Date:         Tue, 6 Oct 2009 13:17:08 -0500
Reply-To:     Kevin Myers <KevinMyers@AUSTIN.RR.COM>
Sender:       "SAS(r) Discussion" <SAS-L@LISTSERV.UGA.EDU>
From:         Kevin Myers <KevinMyers@AUSTIN.RR.COM>
Subject:      Re: Assigning the value of one variable to another
Content-Type: text/plain; format=flowed; charset="iso-8859-1";
              reply-type=response

----- Original Message -----
From: "Kevin Myers" <KevinMyers@austin.rr.com>
To: <Andrew.Clapson@statcan.gc.ca>
Sent: Tuesday, October 06, 2009 13:16
Subject: Re: [Released Spam | pourriel affranchi] Re: Assigning the value of
one variable to another


> Hi Andy,
>
> No problem re the question; everybody has to learn somehow...
>
> Notice the clause that says:
>
> left join ds1 as child, ds1 as parent
>
> This clause says to take all all rows from the ds1 table, treating them as
> if the name of that table was "child", and find the matching rows also
> from the ds1 table, treating them in this second instance as if the name
> of that table was "parent".  Which rows match is determined by the ON
> clause.
>
> child.ID says to use the ID variable from the data set referenced as
> child. In your case, the same dataset was referenced twice, once as
> parent, and once as child.  So child.ID and parent.ID both refer to the
> same variable in the original data set, but from different rows in the
> same data set.  The key that determines which rows are involved is the
> "ON" clause.  By saying "on parent.ID=child.parent_ID, we are saying to
> compare the value of the ID variable from the instance of the data set
> referred to / acting as parent companies, to the value of the parent_ID
> variable from records of the same data set referred to /serving as the
> child companies, and only keep those rows where there is a match.  It is
> as if you made two copies of the original data set, and called one copy
> parent, and the other copy child.
>
> Does that help?
>
> s/KAM
>
> p.s. - Be sure to use the second version that I sent you, which uses "left
> join" and "on", rather than "where".  Otherwise you won't get rows for
> companies that don't have parents.  Also, I am copying the list so that
> others might benefit from this answer.
>
>
> ----- Original Message -----
> From: <Andrew.Clapson@statcan.gc.ca>
> To: <KevinMyers@austin.rr.com>
> Sent: Tuesday, October 06, 2009 08:40
> Subject: RE: [Released Spam | pourriel affranchi] Re: Assigning the value
> of one variable to another
>
>
> Thanks for the responses, Kevin.
> I know very little of SQL...although the more I learn about it, I
> realize what kind of things it can do that regular SAS statements
> can't...
>
> One question about your submitted code - I used different names for my
> variables than I actually have in my dataset, and I am unsure about they
> 'child.___'.
>
> When you write:
>
> proc sql noprint;
>    create table ds2 as
>        select
>            child.ID,
>            child.Status,
> ETC ETC....
>
> What does the 'child.ID' do, exactly?  Are you calling each ID number
> that has an ID variable value of 'child'??  Sorry if this is an ignorant
> question..
>
> Thanks,
>
> Andy
>
> -----Original Message-----
> From: Kevin Myers [mailto:KevinMyers@austin.rr.com]
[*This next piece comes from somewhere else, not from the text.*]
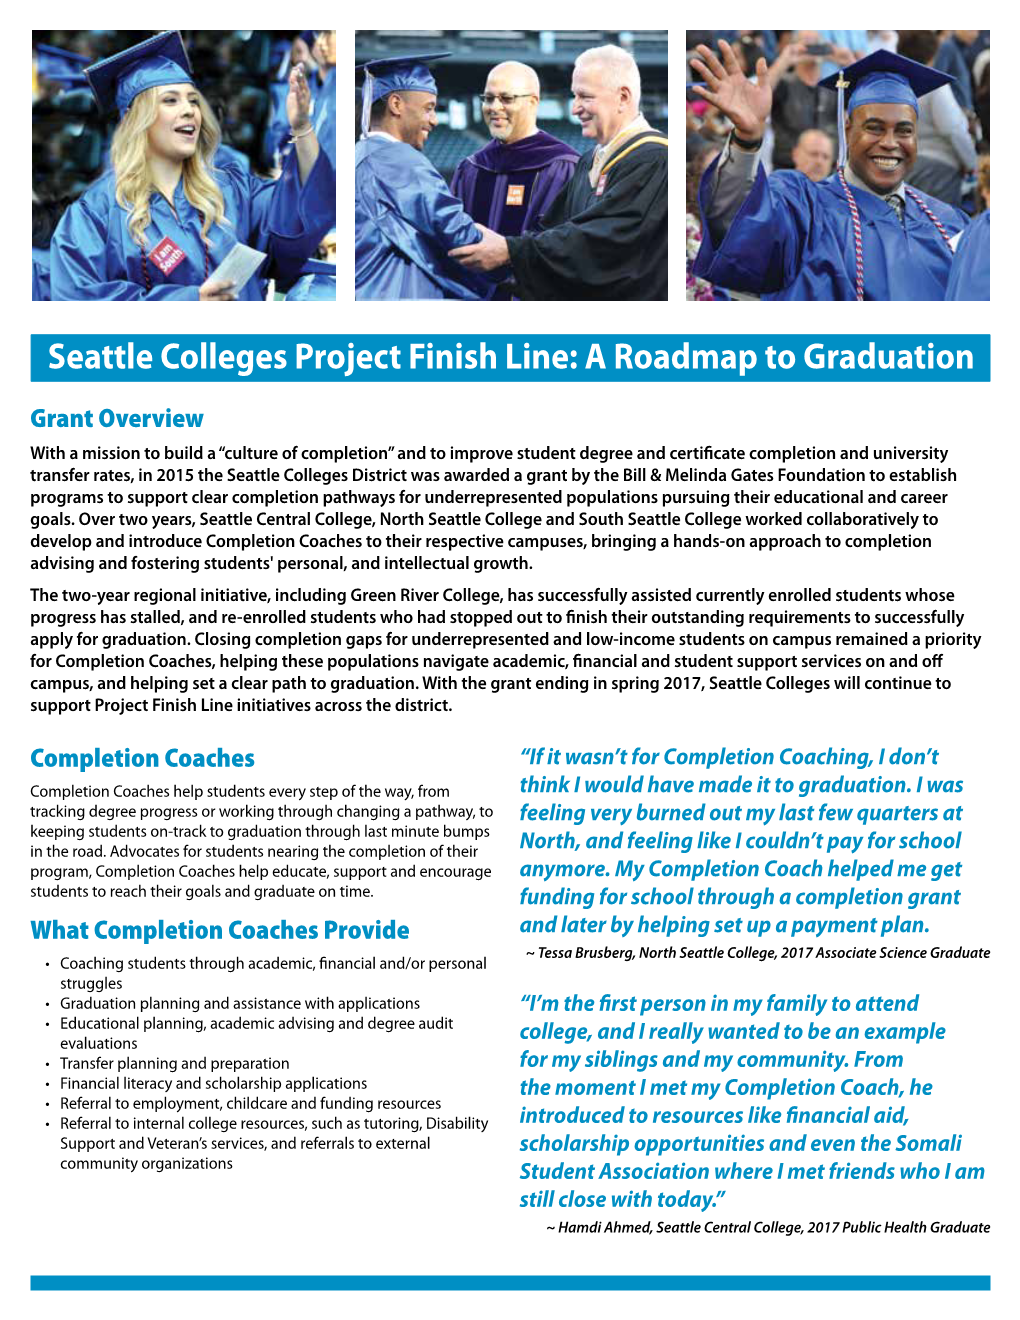 Seattle Colleges Project Finish Line: a Roadmap to Graduation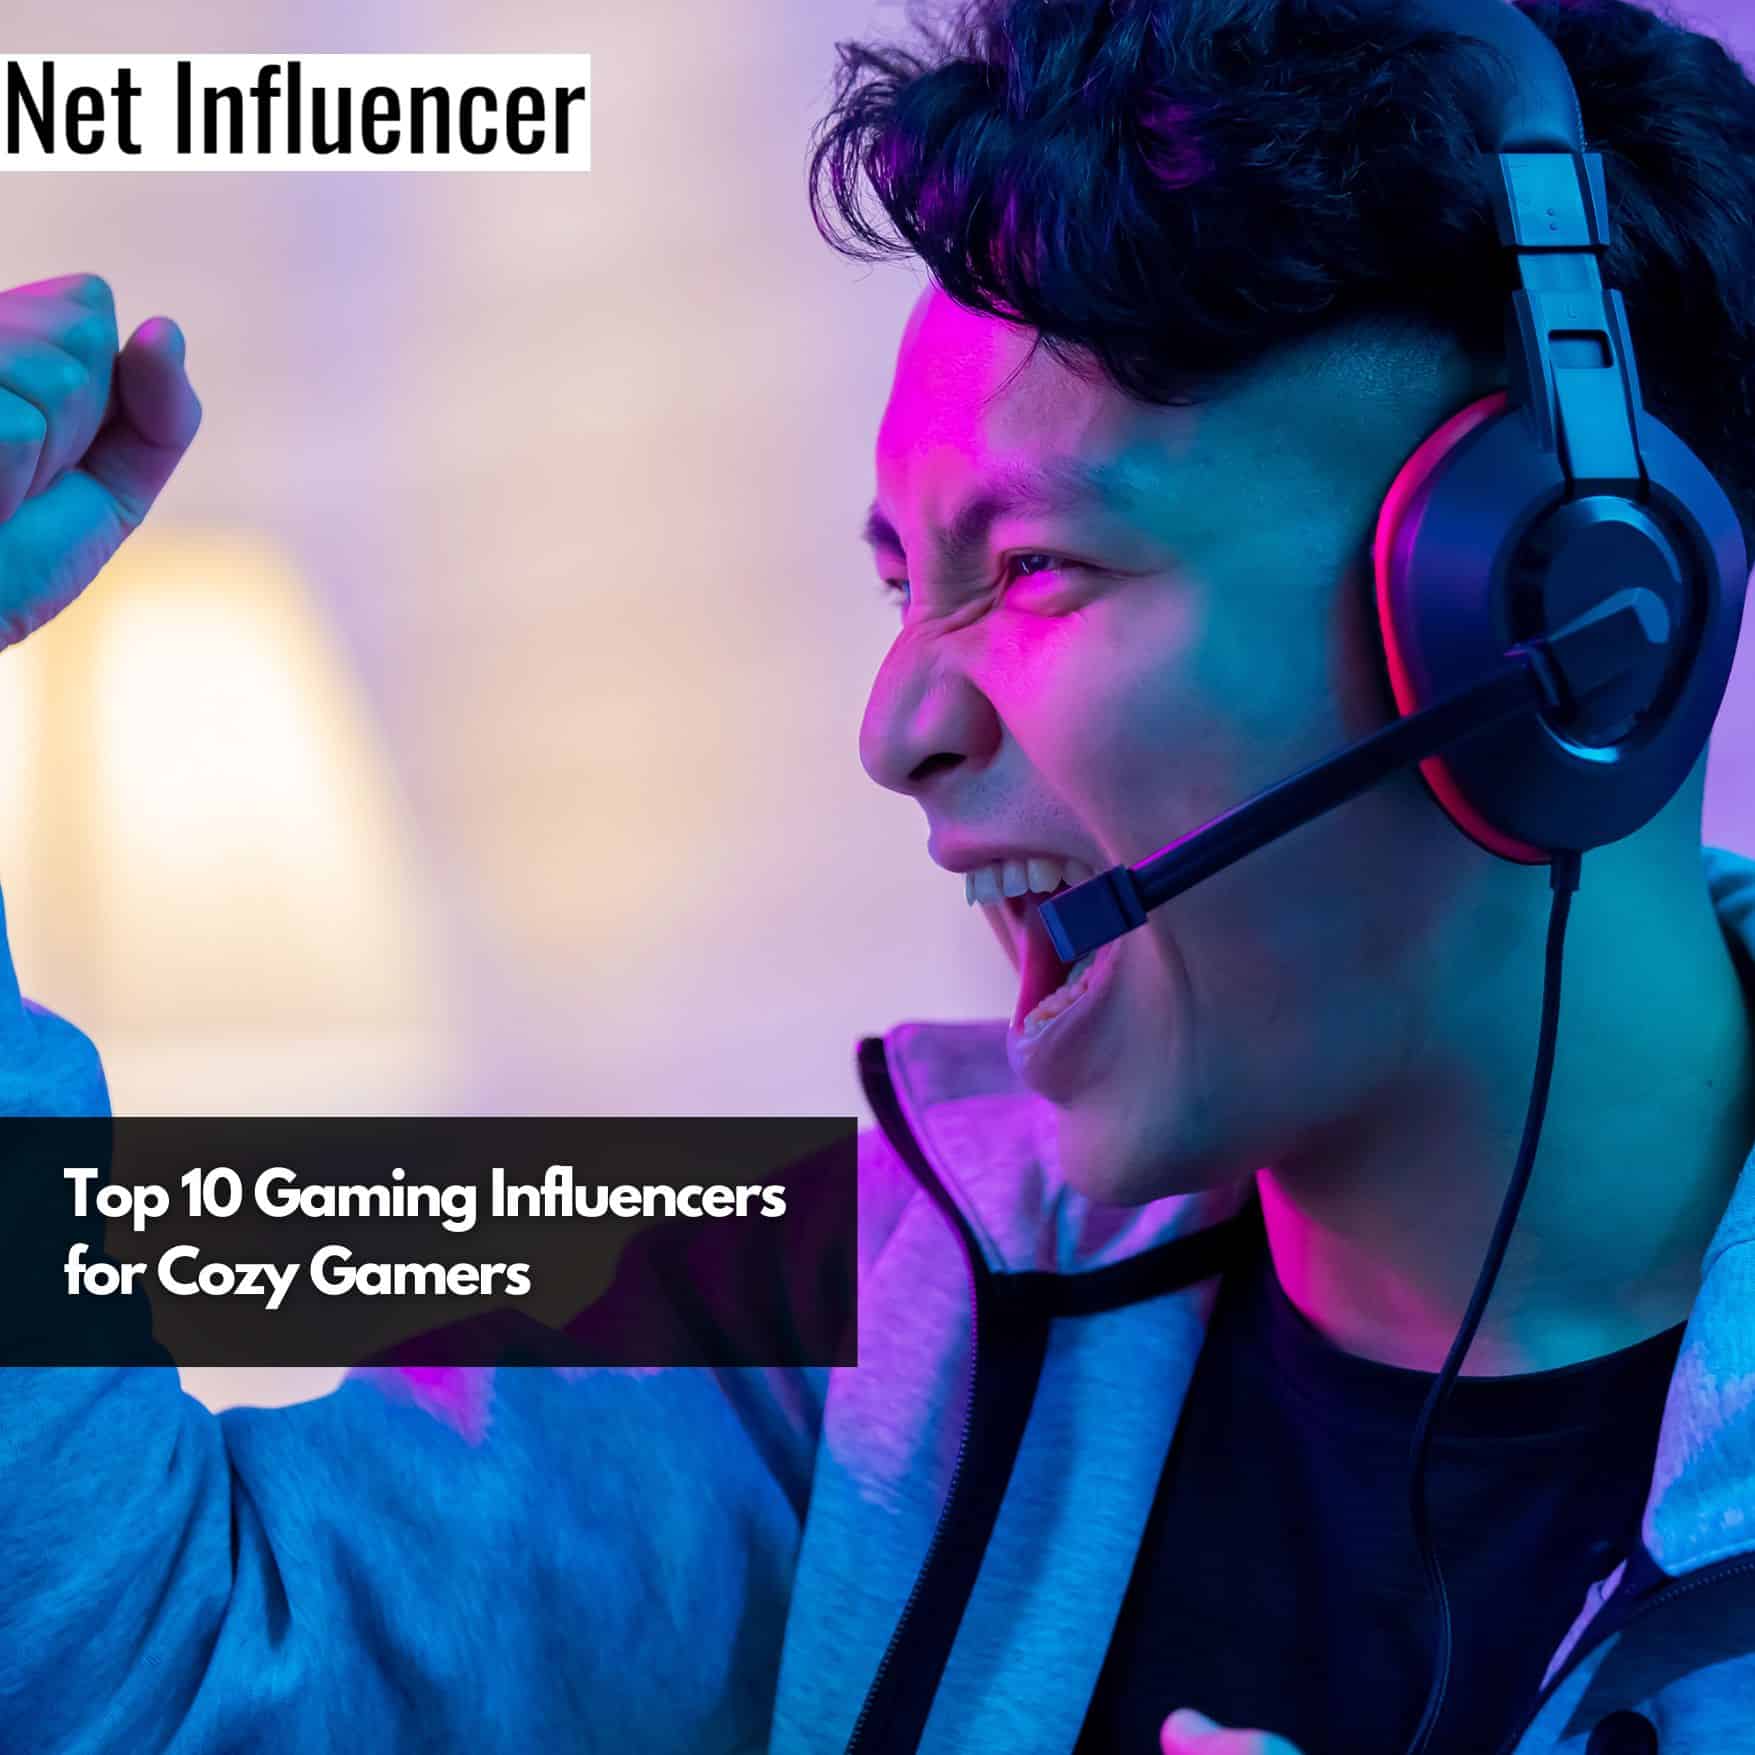 The 10 Cozy Gamers You Should Know (1)

> Sent: October 5, 2009 9:25 PM
> To: Andrew.Clapson@statcan.gc.ca; SAS-L@LISTSERV.UGA.EDU
> Subject: [Released Spam | pourriel affranchi] Re: Assigning the value of
> one variable to another
>
>
> Untested, but should be close to what you need:
>
> proc sql noprint;
>    create table ds2 as
>        select
>            child.ID,
>            child.Status,
>            case
>                when Status="03" then coalesce(child.Date,parent.Date)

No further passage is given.